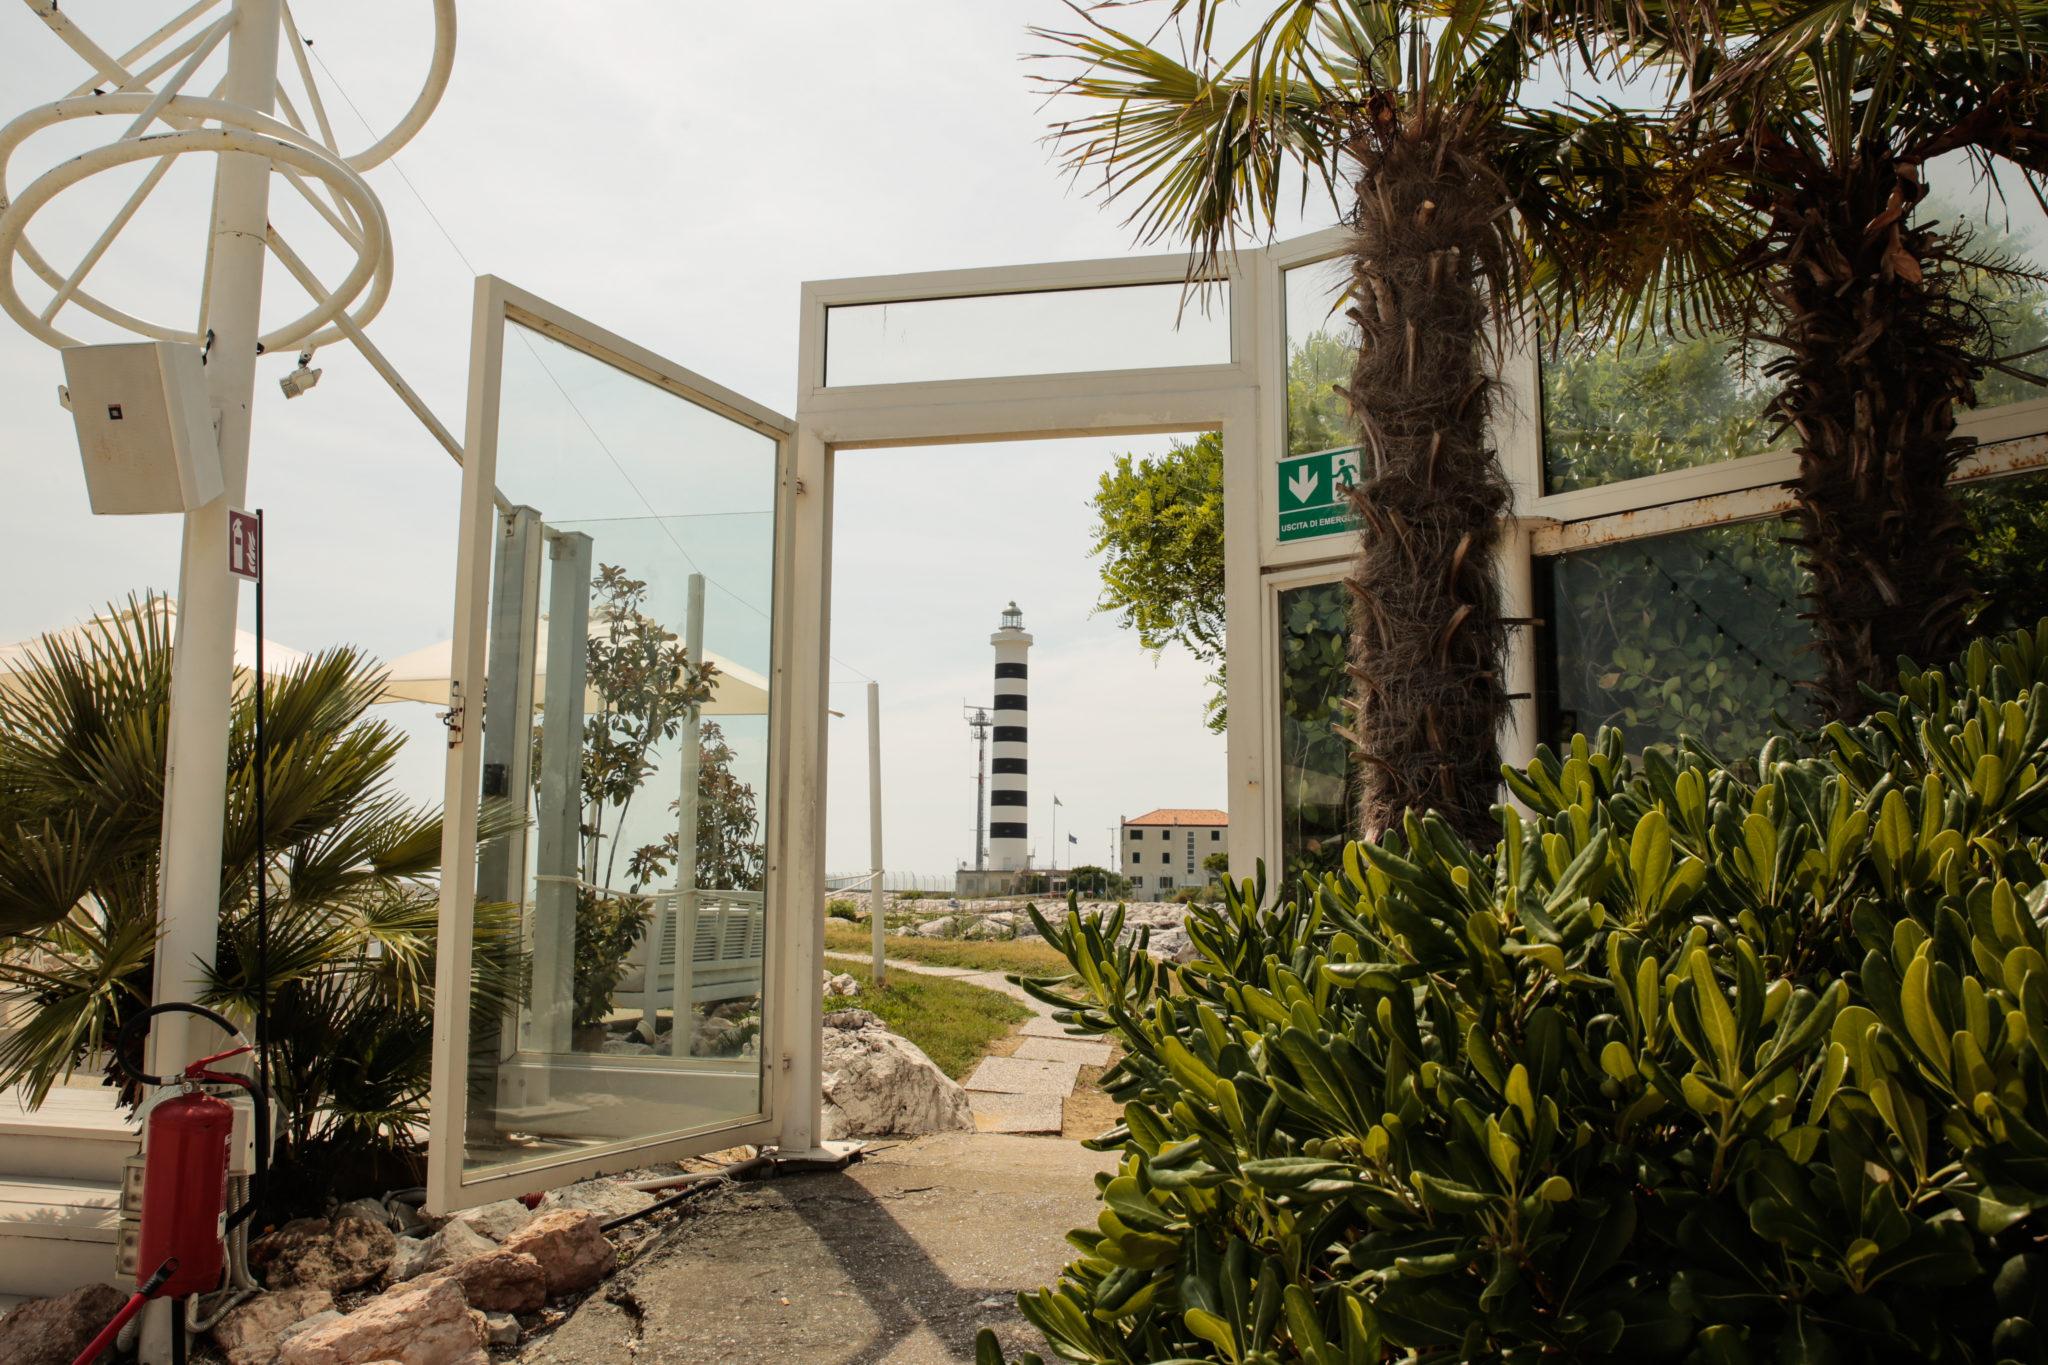 Il Faro di Piave Vecchia è il guardiano del mare fra Jesolo e Cavallino Treporti. Abbiamo raccolto i racconti di chi da sempre lo vede come un orizzonte
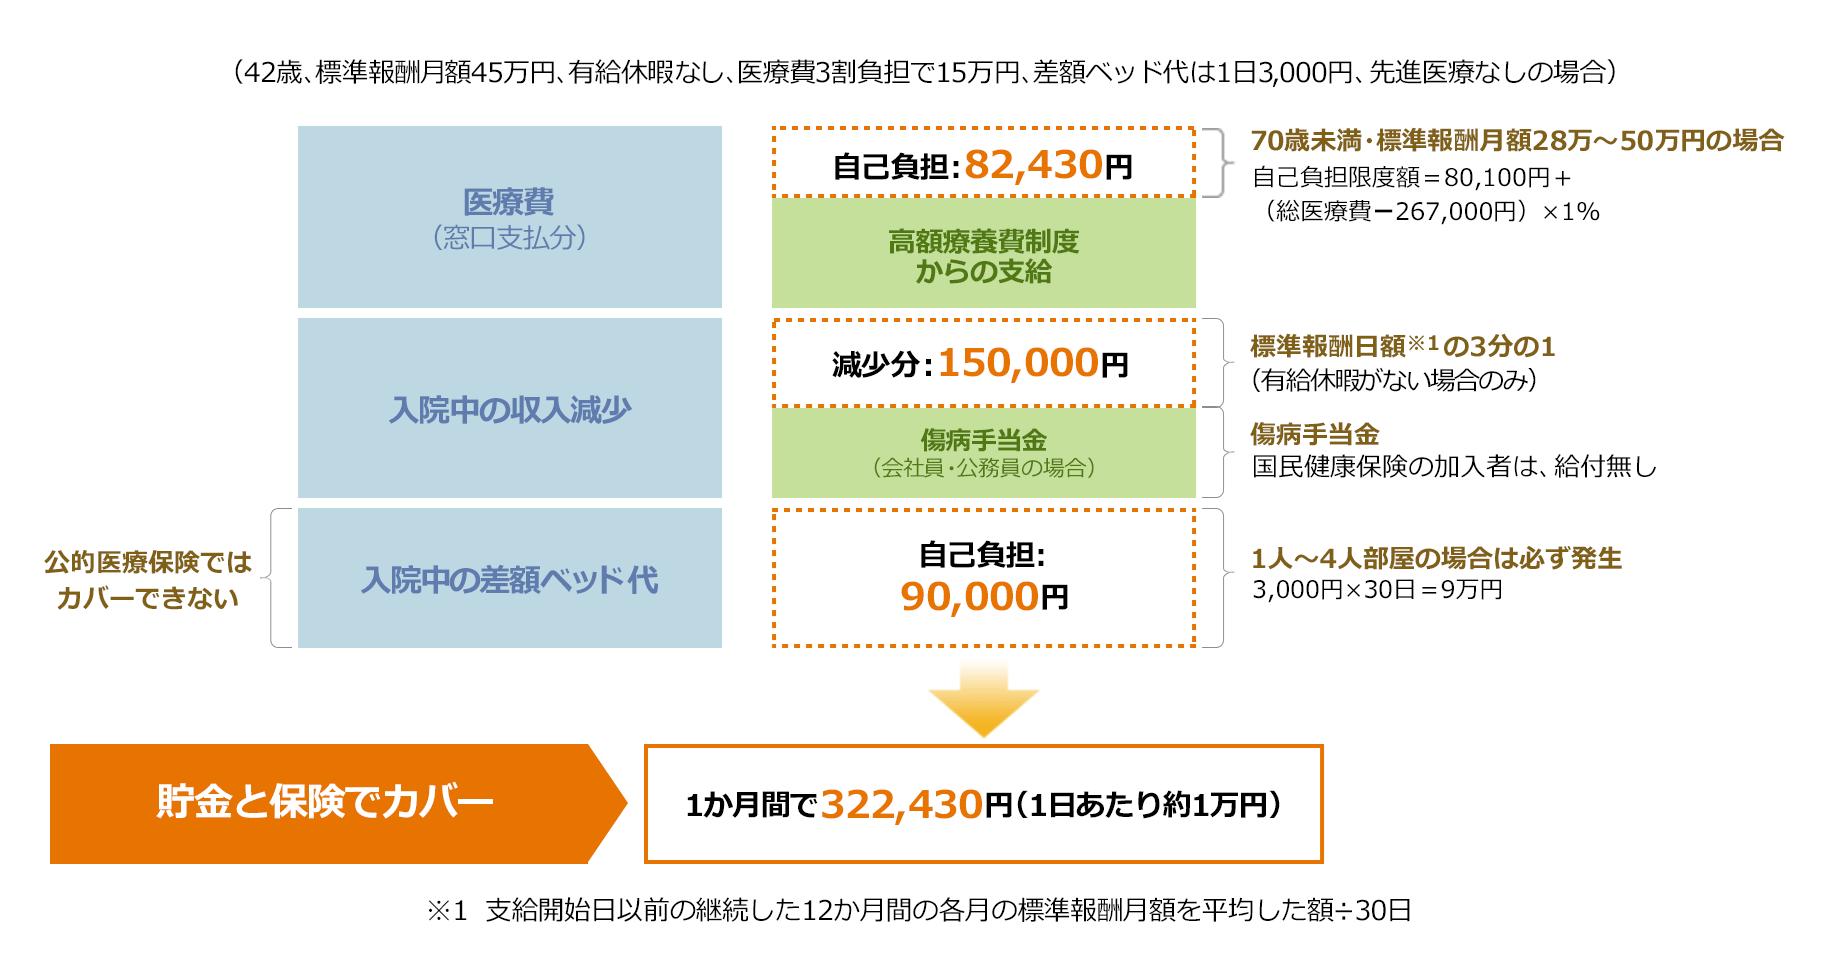 入院時の負担額が1ヶ月で32万2千430円(1日あたり1万円)となる事例
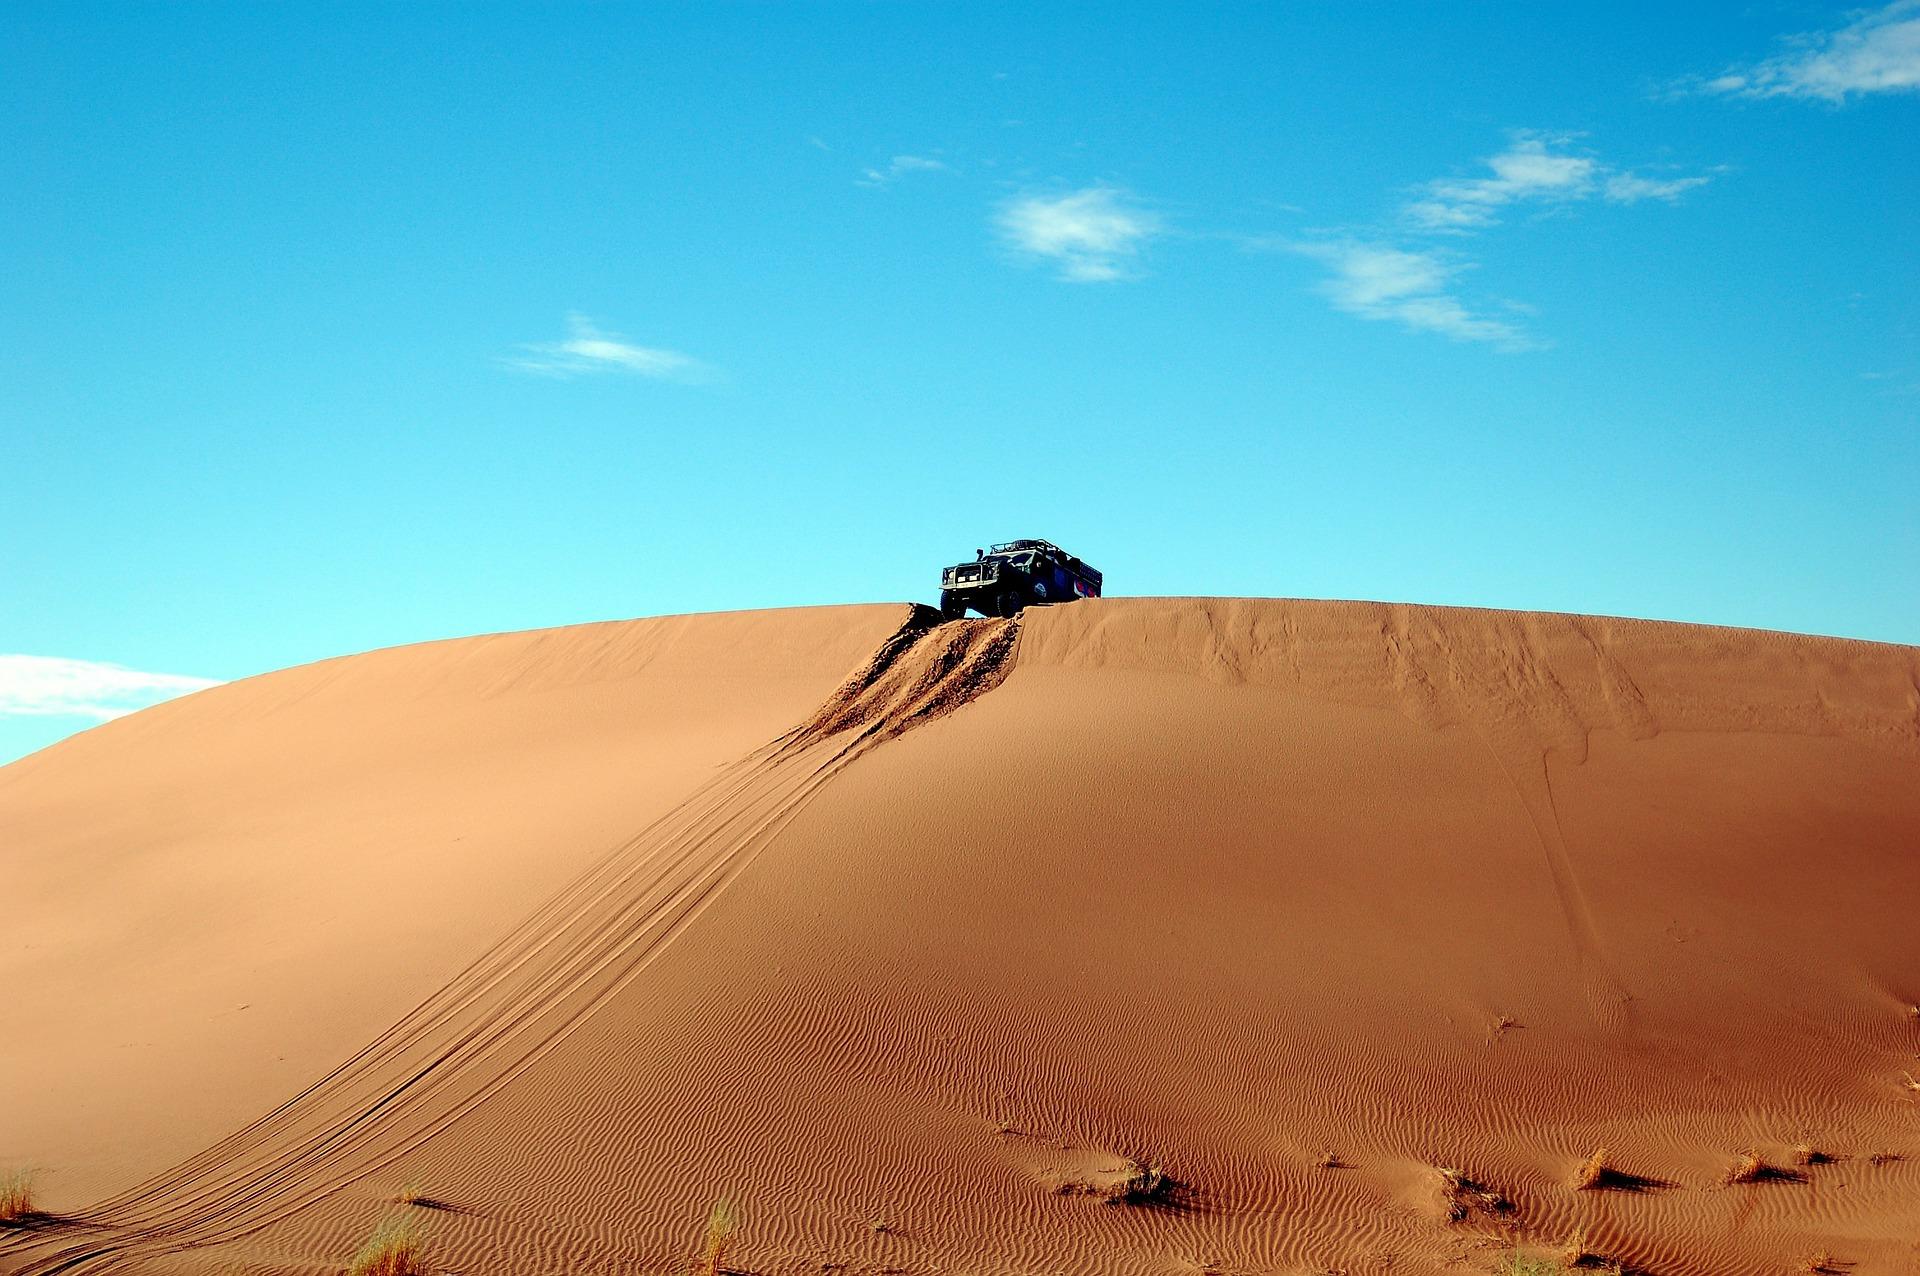 пустыня, Дюна, Автомобили, песок, Небо, риск, Синий - Обои HD - Профессор falken.com

○ ○ ○ ○ ○

The task:
Transcribe the full listing above exactly, with the images removed.

Response area:
 Il Faro di Piave Vecchia è il guardiano del mare fra Jesolo e Cavallino Treporti. Abbiamo raccolto i racconti di chi da sempre lo vede come un orizzonte
 入院時の負担額が1ヶ月で32万2千430円(1日あたり1万円)となる事例
 пустыня, Дюна, Автомобили, песок, Небо, риск, Синий - Обои HD - Профессор falken.com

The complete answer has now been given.